Most games take many years to develop. You start with an idea. You flesh out that idea. You prototype and test it over and over in what often seems like an endless cycle until the game is ready to show a publisher. If you're lucky, you find one right away, but more often than not you show your game to numerous publishers before it's accepted. If it's accepted, the publisher often requests changes to be made to fit their vision of how the game will best serve the audience they are trying to sell to. This is the process I have become accustomed to as a freelance game designer, and Star Trek: Five-Year Mission is no exception except for a few minor details.

From its conception, I designed "Star Trek / Cooperative Dice Game" for Mayfair Games. The game design community normally advises you to stay away from IP, especially big IP, because they are expensive and difficult to get the rights to, thereby making them a big risk. That is why so few publishers deal with them. I have been on the Mayfair Games demo crew for nearly a decade now and had the good fortune to find out that they were interested in doing another Trek game after Star Trek: Catan was released in 2012. I figured the odds of someone approaching them with such a design were a 1 in 10,000 chance, so I decided I would design one for them.

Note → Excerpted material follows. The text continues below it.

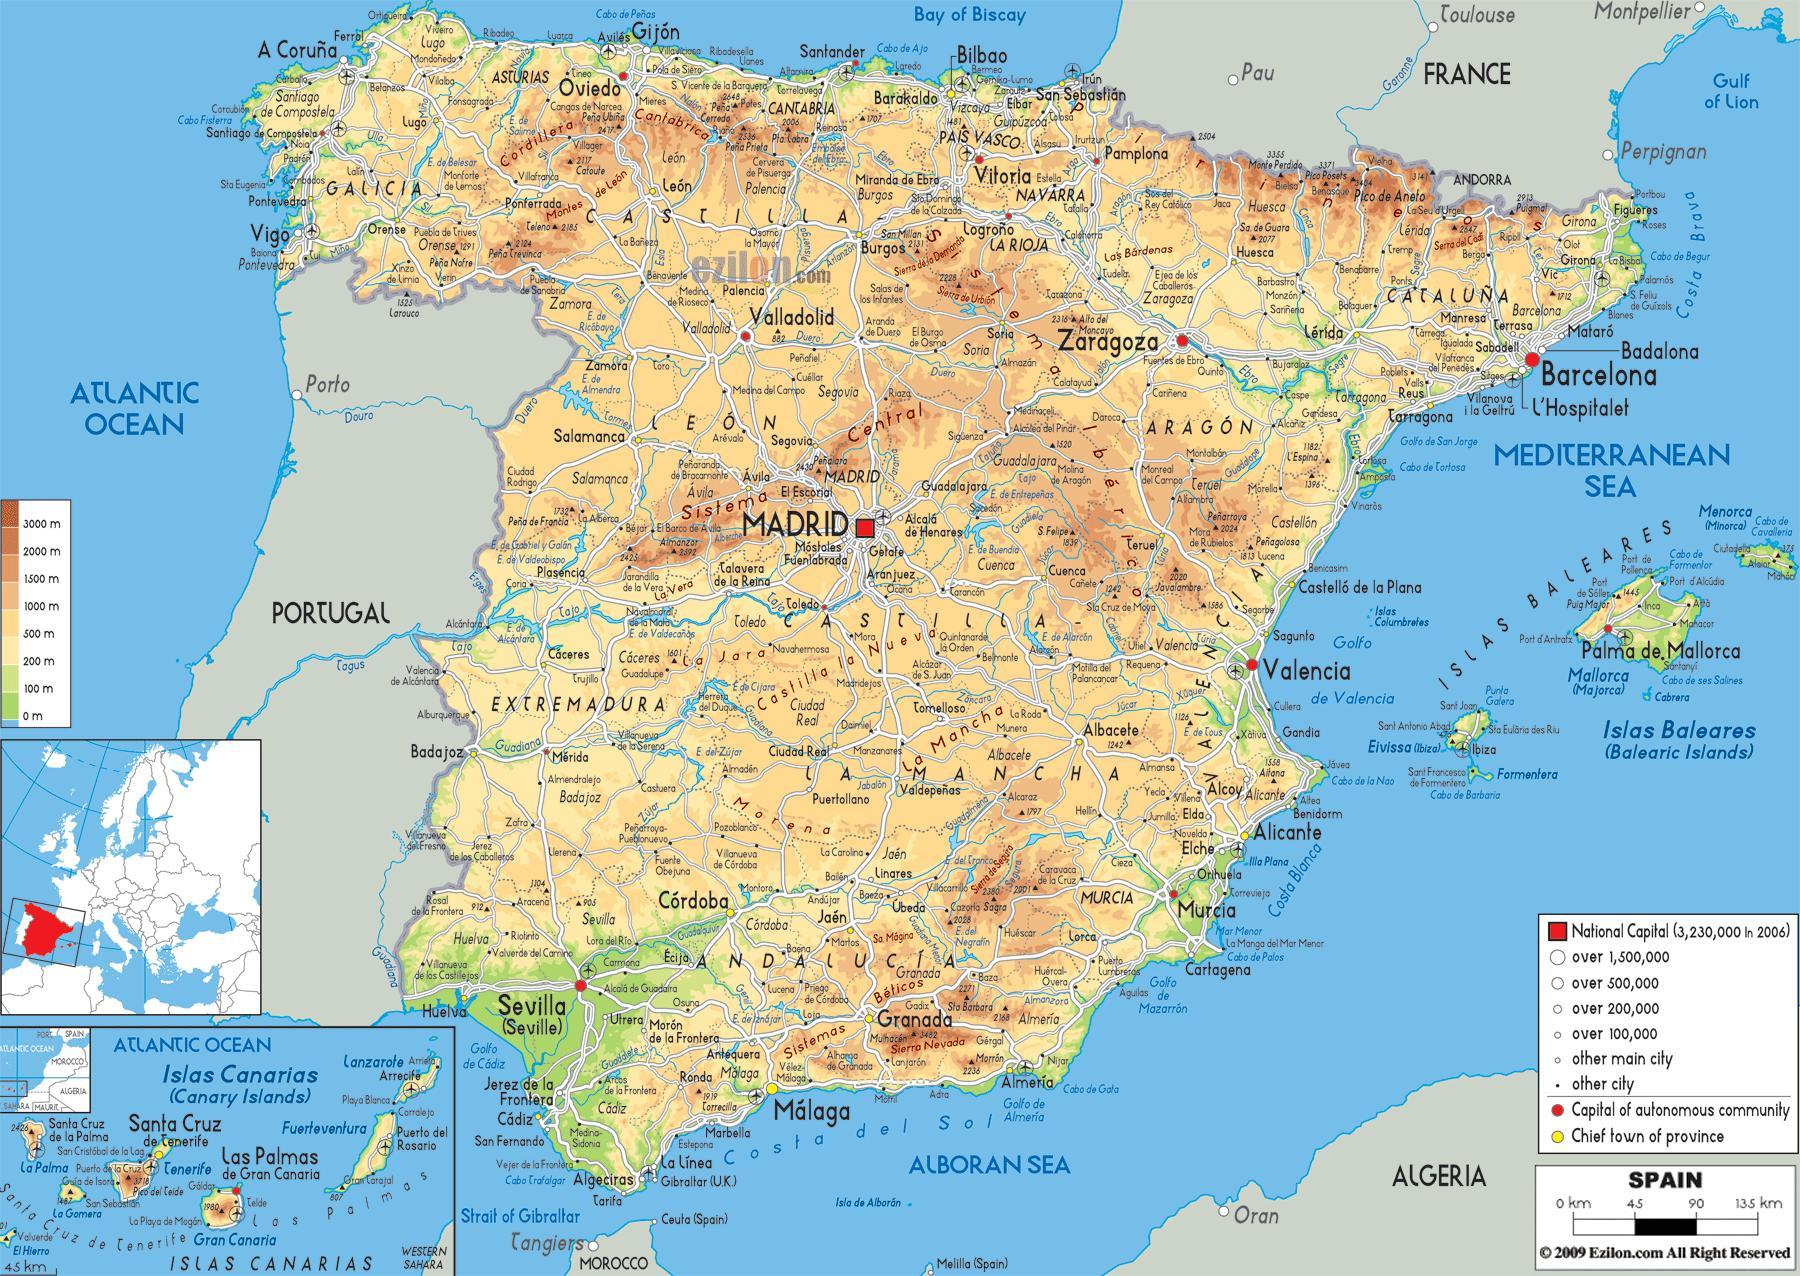 spania kart Spania skoler kart   Kart over Spania skoler (Sør Europa   Europa) spania kart
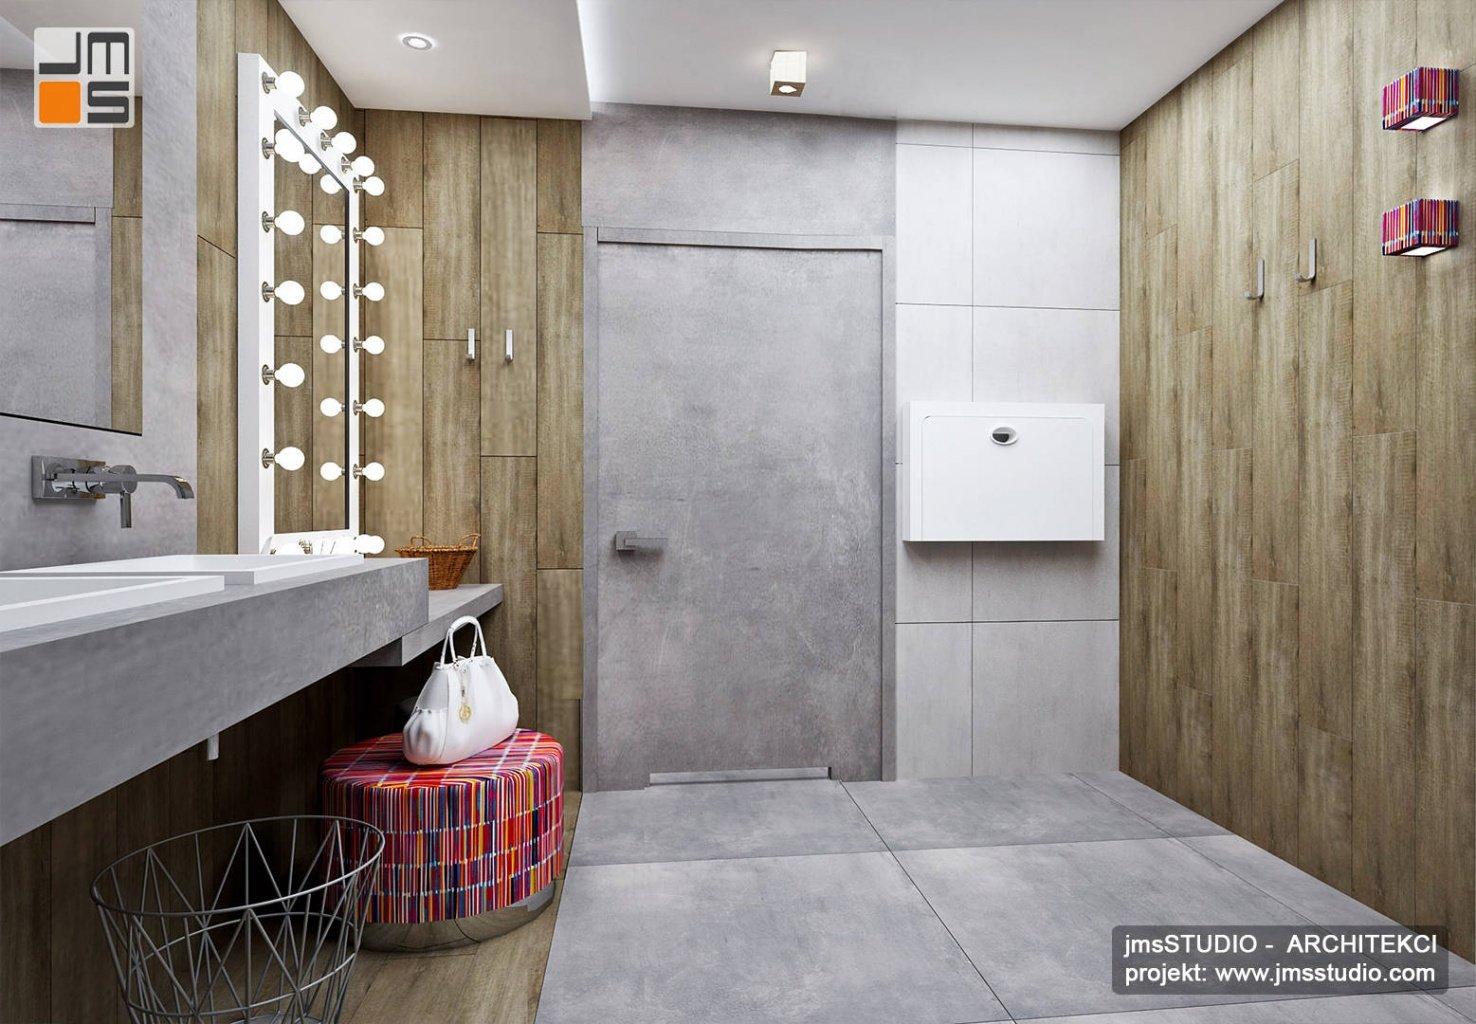 dekoracyjne oświetlenie w projekcie wnętrz toalety w restauracji - projekt oświetlenia i projekt wnętrz restauracji

My first ideas were nonstarters: basic card games, board games with star maps to explore, etc. — nothing that hadn't been done with this license. It was several months after Origins 2012 when the idea came to me. I was sitting in a waiting room and quickly scrounged up paper and pencil to make notes for later. This would be a cooperative dice game in which you play the crew of the Enterprise completing dilemmas to score points. A cooperative game lends itself well to the crew of a ship, especially in the Star Trek universe, and since there are many main characters I could design it to be played with a large group.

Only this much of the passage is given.